Game, series last and last, but L.A. Kings love the Quick ending
The last minutes felt like hours, pulling fans at Staples Center out of their seats to moan and beseech the hockey gods for one more save by Jonathan Quick, one more win for the Kings over the San Jose Sharks in the seventh game of an agonizingly close Western Conference semifinal series.
“Yeah, they put a lot of pressure on us,” Kings captain Dustin Brown said. “Quickie had to make three or four huge saves for us. I guess that’s normal for him.”
The spectacular is again the norm for Quick, just as it was last spring when he deservedly was voted the most valuable player in their improbably swift romp to the Stanley Cup. But so much else has changed that Quick’s exploits are among the few constants they can rely on this season.
The Kings on Tuesday reached the West finals by the thinnest of margins, winning a Game 7 against the Sharks by a 2-1 count in a series that played out according to home ice in each game. “This group’s been through a lot,” a sweaty but happy Brown said, “but this was something new for us, a Game 7.”
For the Kings, who lost standout penalty killer and faceoff specialist Jarret Stoll to a concussion in Game 1 and tinkered with their lineup throughout the series, it didn’t matter that they had to come back from a 2-0 first-round deficit against St. Louis. Or that they took 13 games to reach the conference finals instead of the nine-game express-lane trip they enjoyed last season. It mattered only that they will continue their quest for a second straight title, a feat so difficult that no team has done it since the Detroit Red Wings won in 1997 and repeated in 1998.

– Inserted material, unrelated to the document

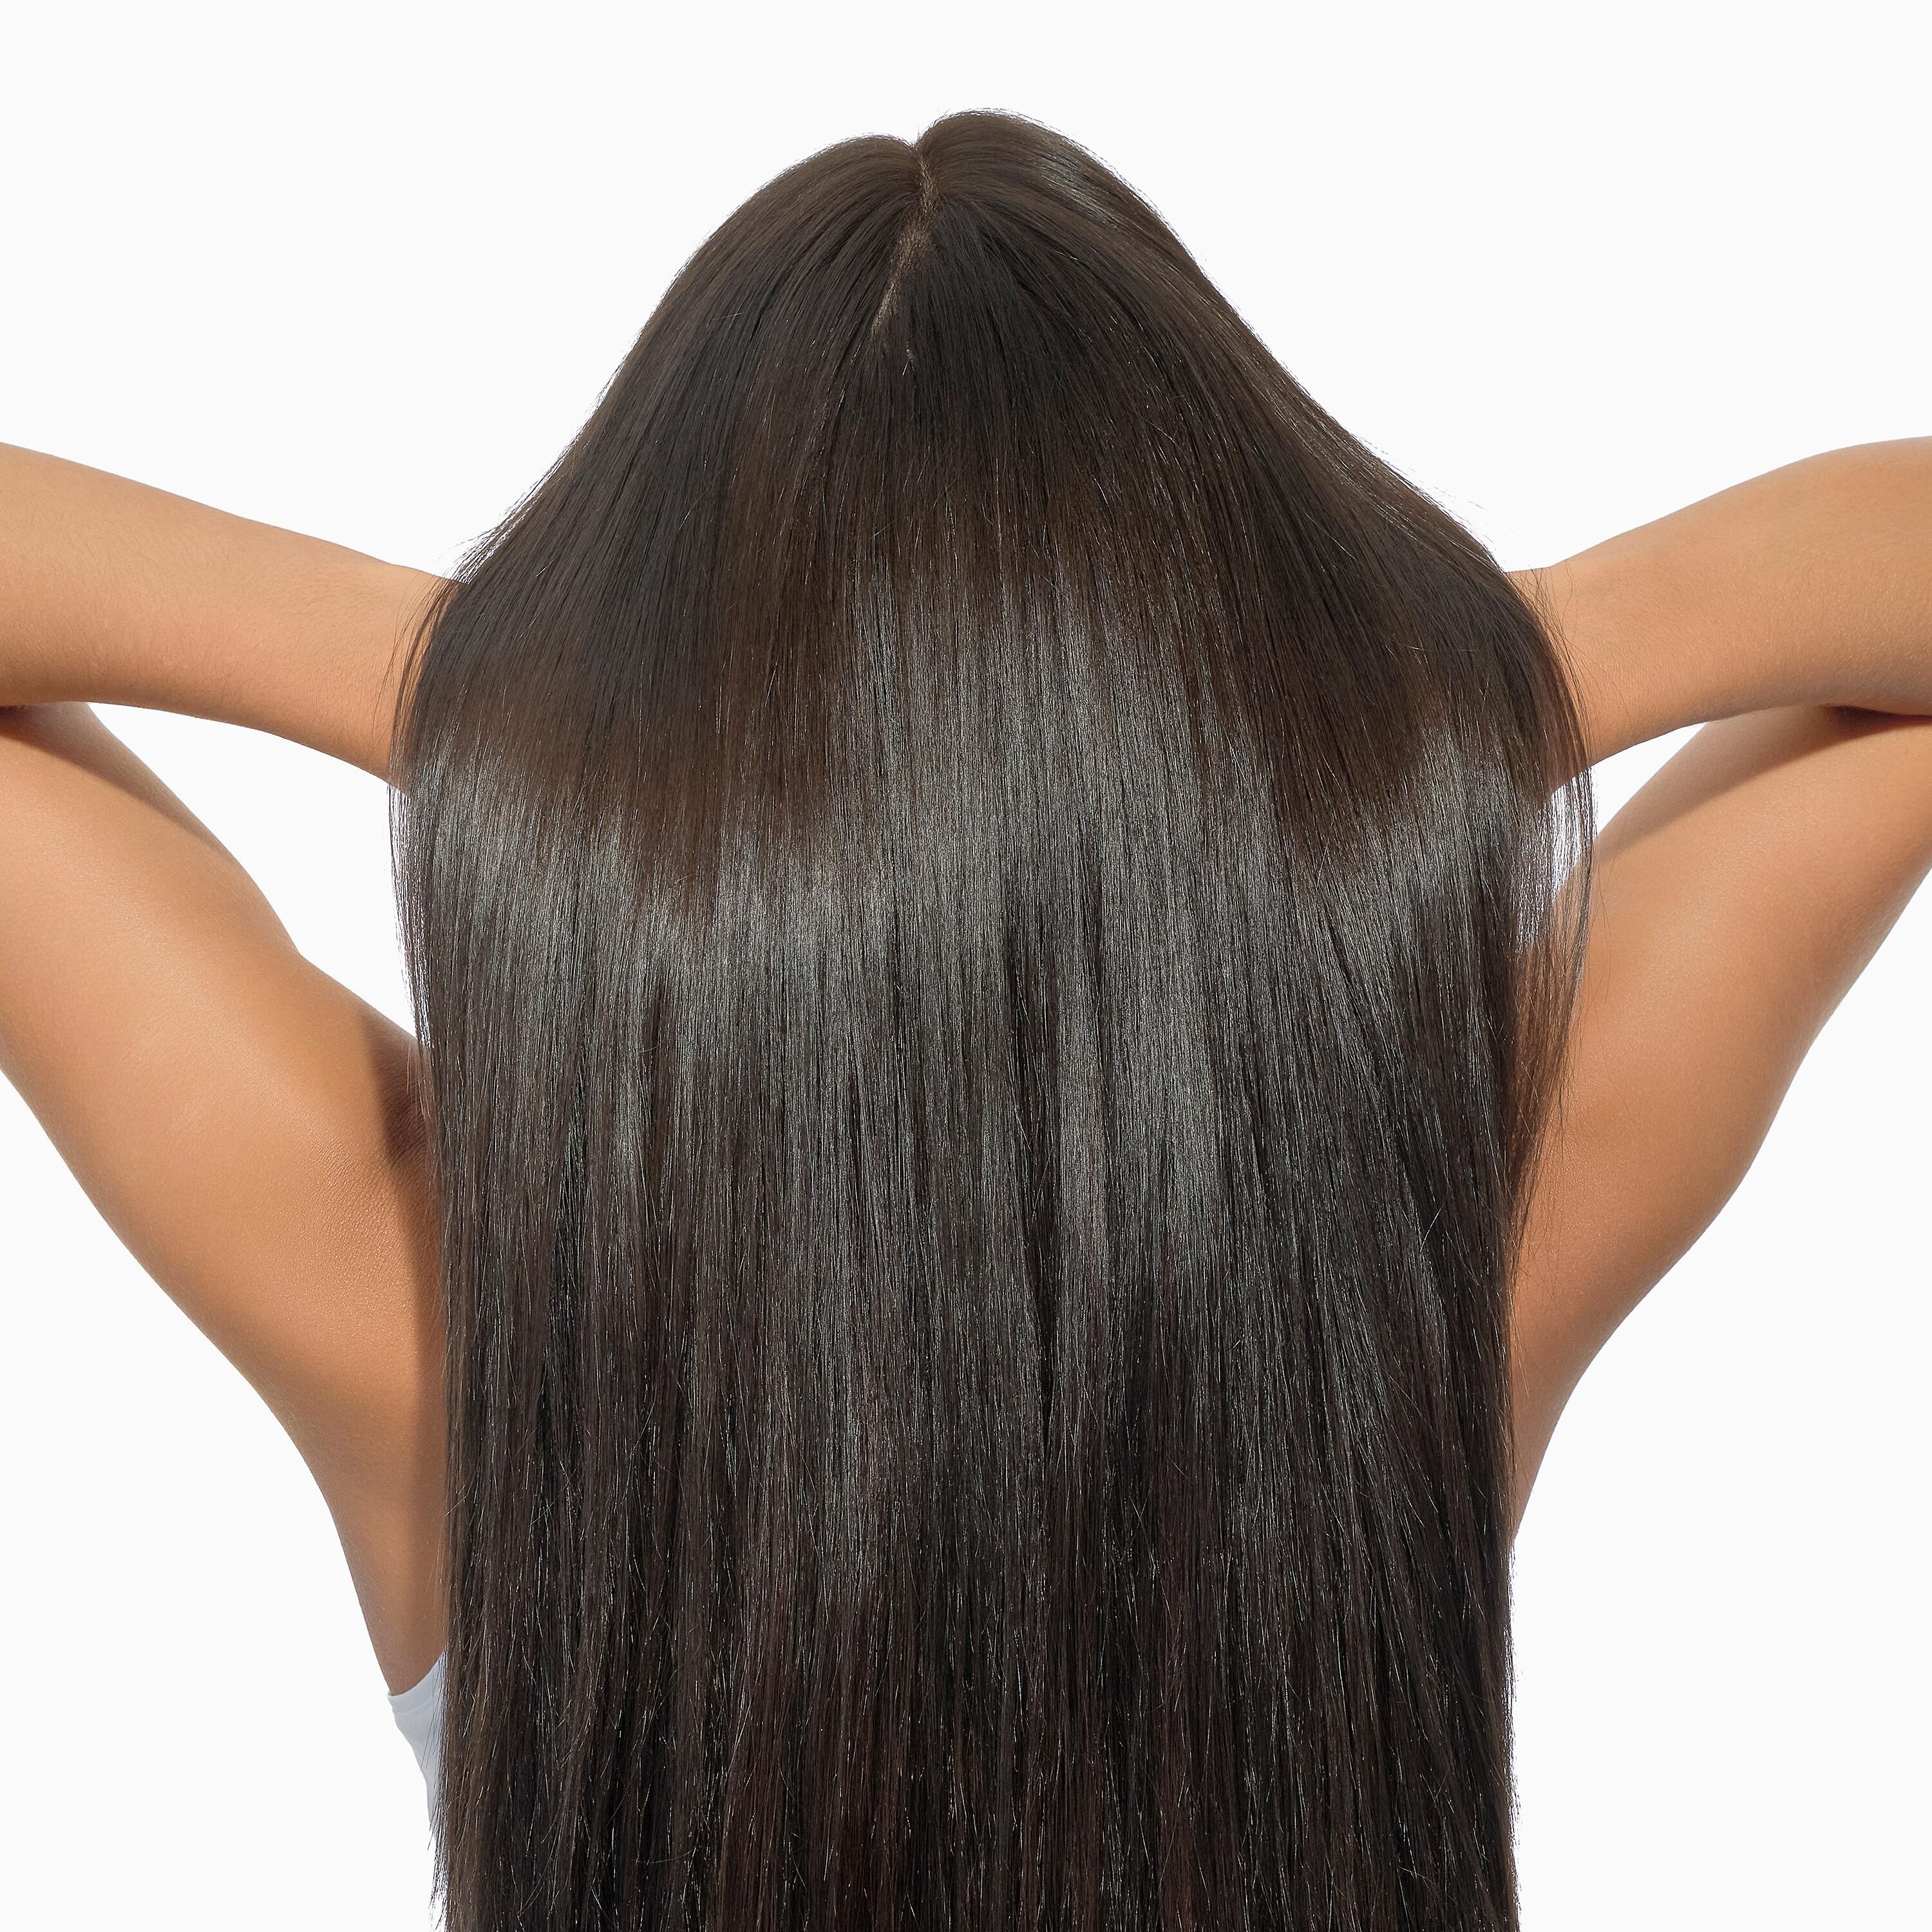 Rehidrata tu cabello desde el corazón de la fibra y restaura su brillo natural

The Kings are the first defending champion to get past the second round since the Red Wings won in 2008 and lost to the Pittsburgh Penguins in the 2009 Cup Final.
“You take it however you can to be alive right now,” said defenseman Matt Greene, blood oozing near his left eye from a cut he suffered on his first shift Tuesday but called “just a smear” and didn’t bother to get stitched up.

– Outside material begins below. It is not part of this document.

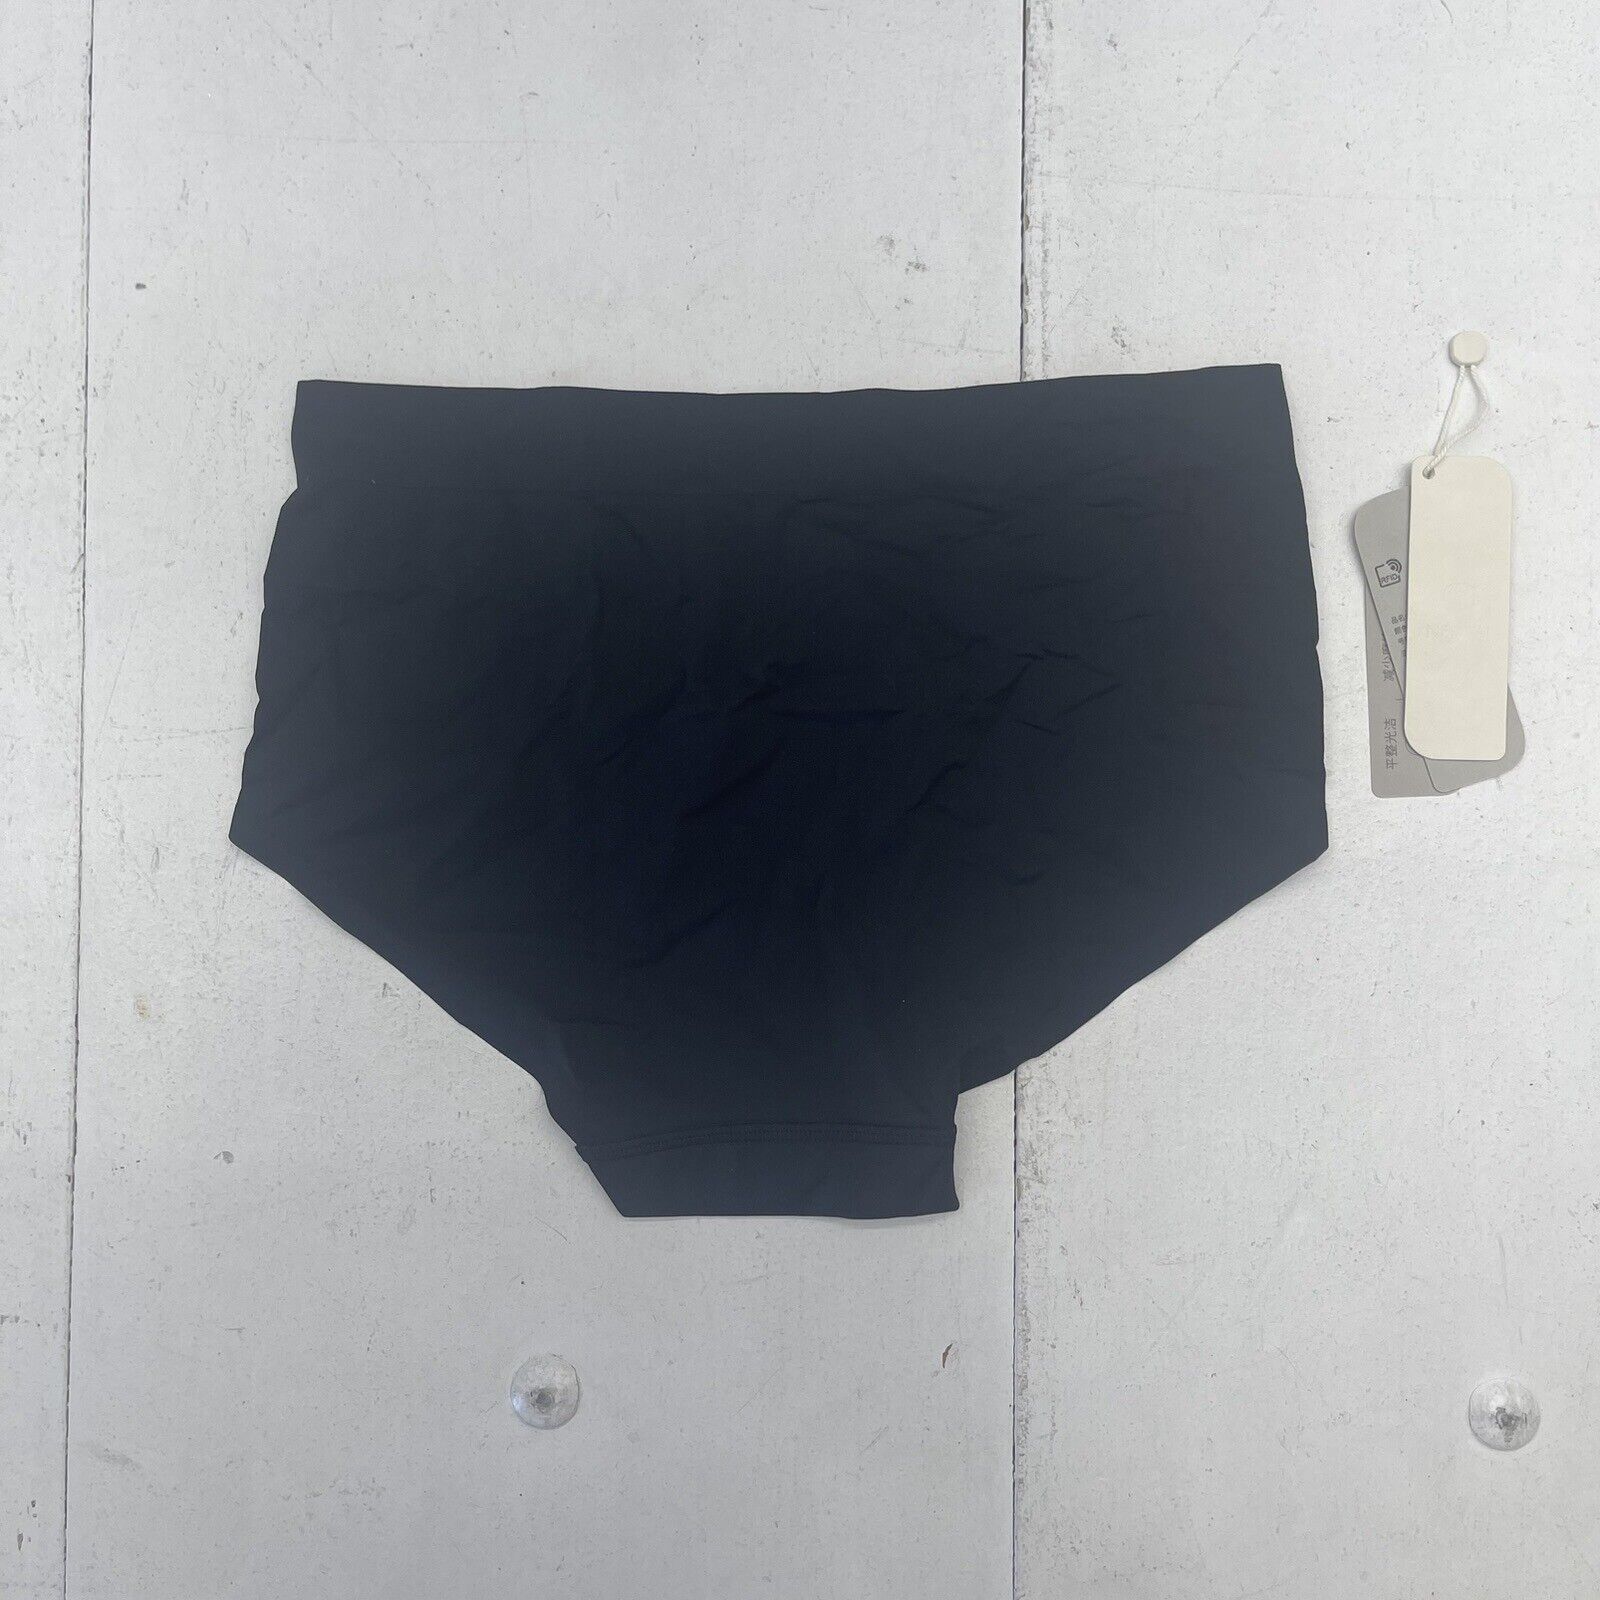 Neiwai Black Seamless Brief Underwear Women's Size M/L New

“We’re going to the Western Conference championships and let’s get it going. We’re not going to ask how we got here. We’re here.”
They will face the winner of Wednesday’s Game 7 between the Red Wings and the Chicago Blackhawks, with the series set to begin at Chicago on Saturday afternoon if the top-seeded Blackhawks prevail or at Staples Center on Friday if the Red Wings pull off an upset.
Having home-ice advantage is an obvious attraction for the Kings, who have won 14 straight home games, but defenseman Rob Scuderi said players have no preference about their next opponent.
“You’re going to have to beat good teams to get to the finals. So whoever wins we’ll figure it out,” Scuderi said.
“Certainly we’d like home ice but I’m confident in our ability to play with anybody. We came back in the St. Louis series. We’re not afraid to play anybody.”
They need not fear as long as Quick is on his game, as he has been since mid-March. He has stopped 362 of 382 shots in the playoffs, none more spectacular or crucial than the point-blank save he made on Joe Pavelski with the inside of his left wrist with 5:04 left in the third period.
“That save is a game-breaker for them,” Brown said. “That’s why he’s our backbone back there. It’s not like you expect him to make those saves, but you expect him to make those saves, right?”
As long as that aspect of the Kings’ game is the same, this journey can continue indefinitely. The road is bumpier than it was a year ago but the Kings will take the bruises and detours to reach that same destination.
“We played at a little more of a dominant pace last year and we’d like to get some of that back,” Scuderi said. “But the one thing I do like about our team is we’ve come on strong in each series. The other team has backed us off at first and I think we came back stronger as the series went along. It’s something that we can be confident with.”